30.6.2. Background on VDO Architecture

The VDO kernel driver is multi-threaded to improve performance by amortizing processing costs across multiple concurrent I/O requests. Rather than have one thread process an I/O request from start to finish, it delegates different stages of work to one or more threads or groups of threads, with messages passed between them as the I/O request makes its way through the pipeline. This way, one thread can serialize all access to a global data structure without having to lock and unlock it each time an I/O operation is processed. If the VDO driver is well-tuned, each time a thread completes a requested processing stage there will usually be another request queued up for that same processing. Keeping these threads busy reduces the overhead of context switching and scheduling, improving performance. Separate threads are also used for parts of the operating system that can block, such as enqueueing I/O operations to the underlying storage system or messages to UDS.
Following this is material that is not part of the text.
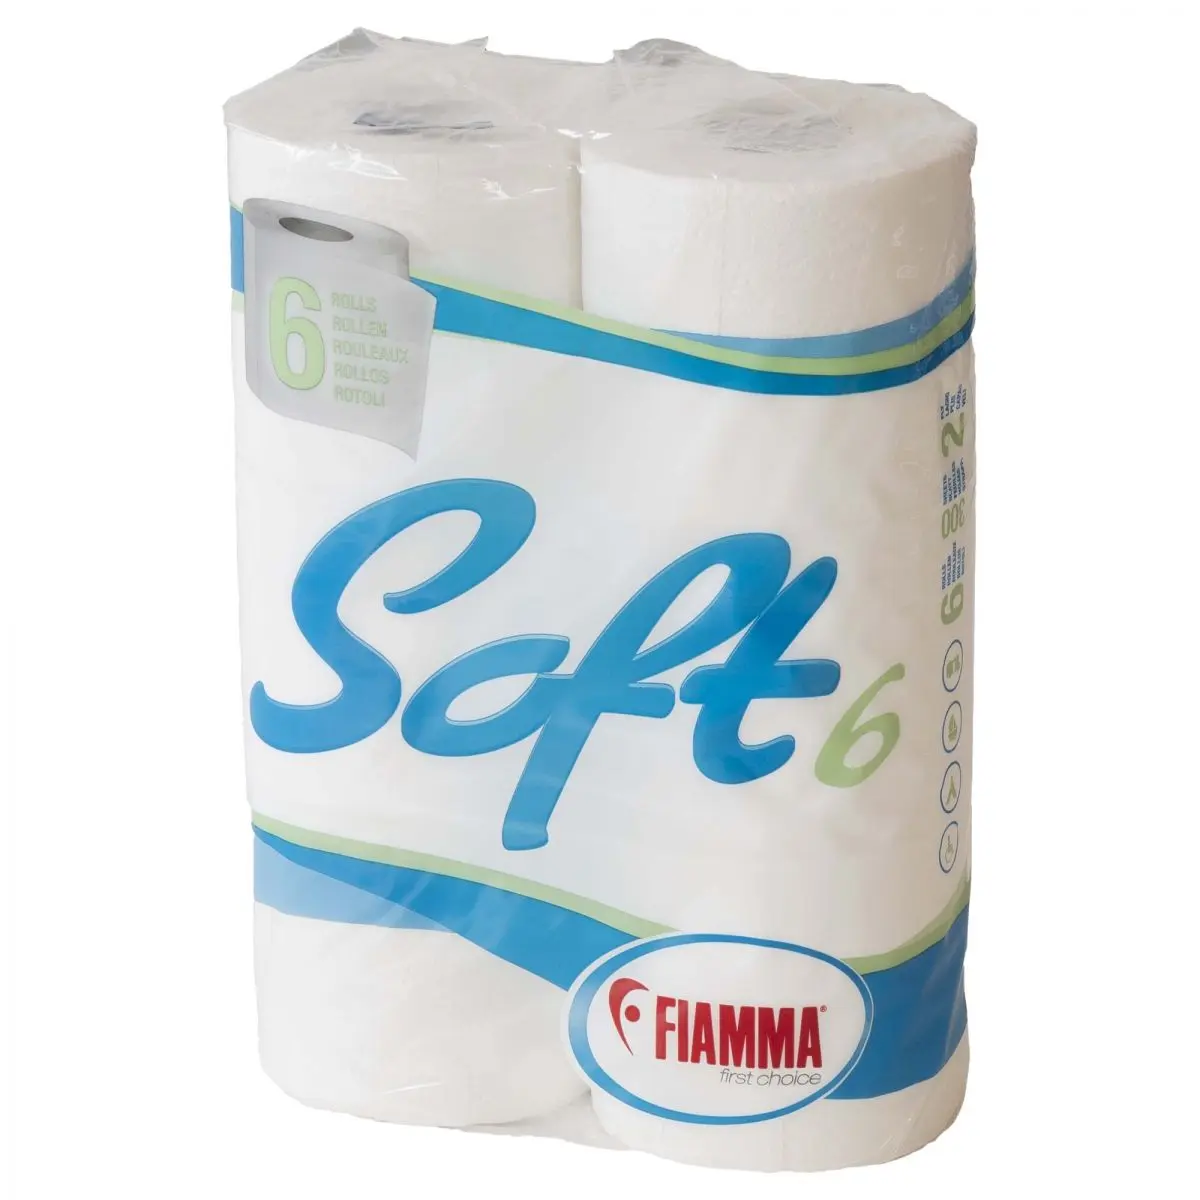 Fiamma Toaletný papier Soft 6 - 6 roliek

The various worker thread types used by VDO are:

Logical zone threads: The logical threads, with process names including the string kvdo:logQ, maintain the mapping between the logical block numbers (LBNs) presented to the user of the VDO device and the physical block numbers (PBNs) in the underlying storage system. They also implement locking such that two I/O operations attempting to write to the same block will not be processed concurrently. Logical zone threads are active during both read and write operations.
LBNs are divided into chunks (a block map page contains a bit over 3 MB of LBNs) and these chunks are grouped into zones that are divided up among the threads.
Processing should be distributed fairly evenly across the threads, though some unlucky access patterns may occasionally concentrate work in one thread or another. For example, frequent access to LBNs within a given block map page will cause one of the logical threads to process all of those operations.
The number of logical zone threads can be controlled using the --vdoLogicalThreads=thread count option of the vdo command
Physical zone threads: Physical, or kvdo:physQ, threads manage data block allocation and maintain reference counts. They are active during write operations.
Like LBNs, PBNs are divided into chunks called slabs, which are further divided into zones and assigned to worker threads that distribute the processing load.
The number of physical zone threads can be controlled using the --vdoPhysicalThreads=thread count option of the vdo command.
I/O submission threads: kvdo:bioQ threads submit block I/O (bio) operations from VDO to the storage system. They take I/O requests enqueued by other VDO threads and pass them to the underlying device driver. These threads may communicate with and update data structures associated with the device, or set up requests for the device driver's kernel threads to process. Submitting I/O requests can block if the underlying device's request queue is full, so this work is done by dedicated threads to avoid processing delays.
If these threads are frequently shown in D state by ps or top utilities, then VDO is frequently keeping the storage system busy with I/O requests. This is generally good if the storage system can service multiple requests in parallel, as some SSDs can, or if the request processing is pipelined. If thread CPU utilization is very low during these periods, it may be possible to reduce the number of I/O submission threads.
CPU usage and memory contention are dependent on the device driver(s) beneath VDO. If CPU utilization per I/O request increases as more threads are added then check for CPU, memory, or lock contention in those device drivers.
The number of I/O submission threads can be controlled using the --vdoBioThreads=thread count option of the vdo command.
CPU-processing threads: kvdo:cpuQ threads exist to perform any CPU-intensive work such as computing hash values or compressing data blocks that do not block or require exclusive access to data structures associated with other thread types.
The number of CPU-processing threads can be controlled using the --vdoCpuThreads=thread count option of the vdo command.
I/O acknowledgement threads: The kvdo:ackQ threads issue the callbacks to whatever sits atop VDO (for example, the kernel page cache, or application program threads doing direct I/O) to report completion of an I/O request. CPU time requirements and memory contention will be dependent on this other kernel-level code.
The number of acknowledgement threads can be controlled using the --vdoAckThreads=thread count option of the vdo command.
Non-scalable VDO kernel threads:
Deduplication thread: The kvdo:dedupeQ thread takes queued I/O requests and contacts UDS. Since the socket buffer can fill up if the server cannot process requests quickly enough or if kernel memory is constrained by other system activity, this work is done by a separate thread so if a thread should block, other VDO processing can continue. There is also a timeout mechanism in place to skip an I/O request after a long delay (several seconds).
Journal thread: The kvdo:journalQ thread updates the recovery journal and schedules journal blocks for writing. A VDO device uses only one journal, so this work cannot be split across threads.
Packer thread: The kvdo:packerQ thread, active in the write path when compression is enabled, collects data blocks compressed by the kvdo:cpuQ threads to minimize wasted space. There is one packer data structure, and thus one packer thread, per VDO device.

30.6.3. Values to tune

30.6.3.1. CPU/memory

30.6.3.1.1. Logical, physical, cpu, ack thread counts

The logical, physical, cpu, and I/O acknowledgement work can be spread across multiple threads, the number of which can be specified during initial configuration or later if the VDO device is restarted.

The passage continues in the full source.